Dear Lower Back,
Please stop it, you're hurting me.
Seriously, whatever it is that's happening right now...wait, I know what's happening right now. I have a 20-week-old fetus in residence, and their head is resting against the top of my tailbone. That's according to my new, very sweet obstetrician, who I saw this week. She is a part of the practice who will be delivering the fetus-in-residence on June 27th, give or take.
Not that you care about any of that, Lower Back. All you care about is yourself. That's fine. You're selfish, I get it.
Listen, you know that I can't do anything about all the pain you're causing me. I know that, because you and I have talked about it before. Seriously, just this morning, when we were lying in bed together--remember, I was crying, I was asking you to just stop hurting me, because ohmigod, the pain...Okay. No, I didn't think you were listening at the time either, but I just wanted to let you know how I was feeling.
The very sweet obstetrician was just so nice that I kept almost forgetting that she was a doctor, and when she took a look with the ultrasound yesterday and saw 20-week-old-fetus butt, and that was about it...she hypothesized that the reason you're hurting me so freaking much is that there's a forehead pressed against my lower back. I understand, you know? It can't be all that comfortable to have a forehead pressed against you. I'm sure it's unpleasant for you.
I just...I don't know. I think you're being a little bit self-centered, is all. You know, we're stuck with each other for a little while, and the lease on my lady bits doesn't run out until June, so we're both stuck with the fetus, too. I think we all ought to learn to get along together. I've been talking to the fetus on your behalf; I know you're not great about talking about your feelings, so I just thought I would say something. I know it's not that fun to have a head pushed up against you. It's not a big head or anything, but still--it's a head where there usually isn't a head. I understand. Also, when I have another, more advanced ultrasound on Friday, I really want to find out whether it's a boy fetus or a girl fetus, and unless it moves around a little by Friday, we won't be able to see much of the determining factor. I'm just trying to think about all of us here, you know?
It's just that the thing I'm not sure you're aware of is that when I would usually seek some sort of pain remedy in order to deal with the fact that you're really causing me a lot of pain right now, I no longer have that luxury.

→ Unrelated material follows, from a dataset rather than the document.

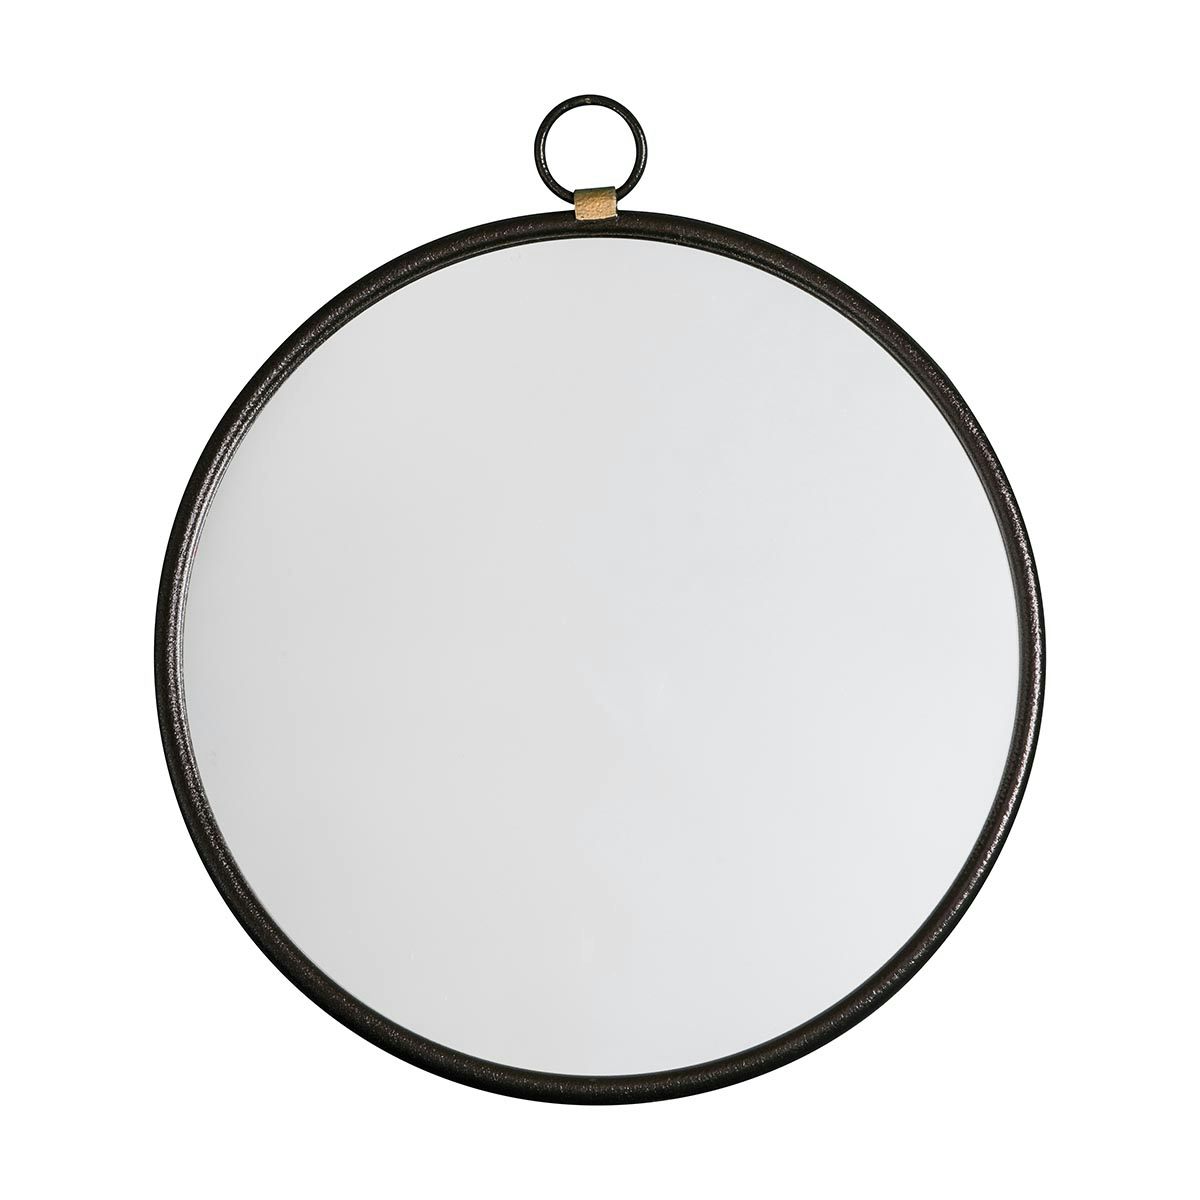 Accents Bayswater round black mirror 700 x 610mm

I guess it's bad for the fetus for me to take Aleve, or Motrin, or to inject pure Pakistani heroin directly into the sclera of my left eyeball. I don't know if you knew that was bad for the fetus...I mean, I'd heard, and I said something to you about it this morning, but I know it was early, and you really don't do mornings that well. I can take Tylenol, but, I mean, come on. My three year old can take Tylenol. What's that supposed to do to help me? I use the heating pad on you--I know you like that a lot, because when I do that, sometimes you leave me alone for, like, a whole hour--but I can't bring it to work, because I don't have anywhere to plug it in.
Listen, I really hate to be a nag. You don't want to listen to me whine for the next 20 weeks, do you? Could we work something out? Like, maybe I'll just write you this letter, and you'll stop hurting me, and we can both just move on from here? Try to get along and live together? I know we can--we've done so well together up to this point. But like I said, you're really hurting me. I just want you to stop. I'll forgive you, I promise--it'll all be water under the bridge. But I need you to really make an effort, show me that you want this as bad as I do. We're in it together now, Lower Back. I can't do this without you--and by this I mean, you know, walking around, or sitting, or standing, or pretty much anything--and I'm pretty sure you won't get far without me, so can we try to work it out? For the baby?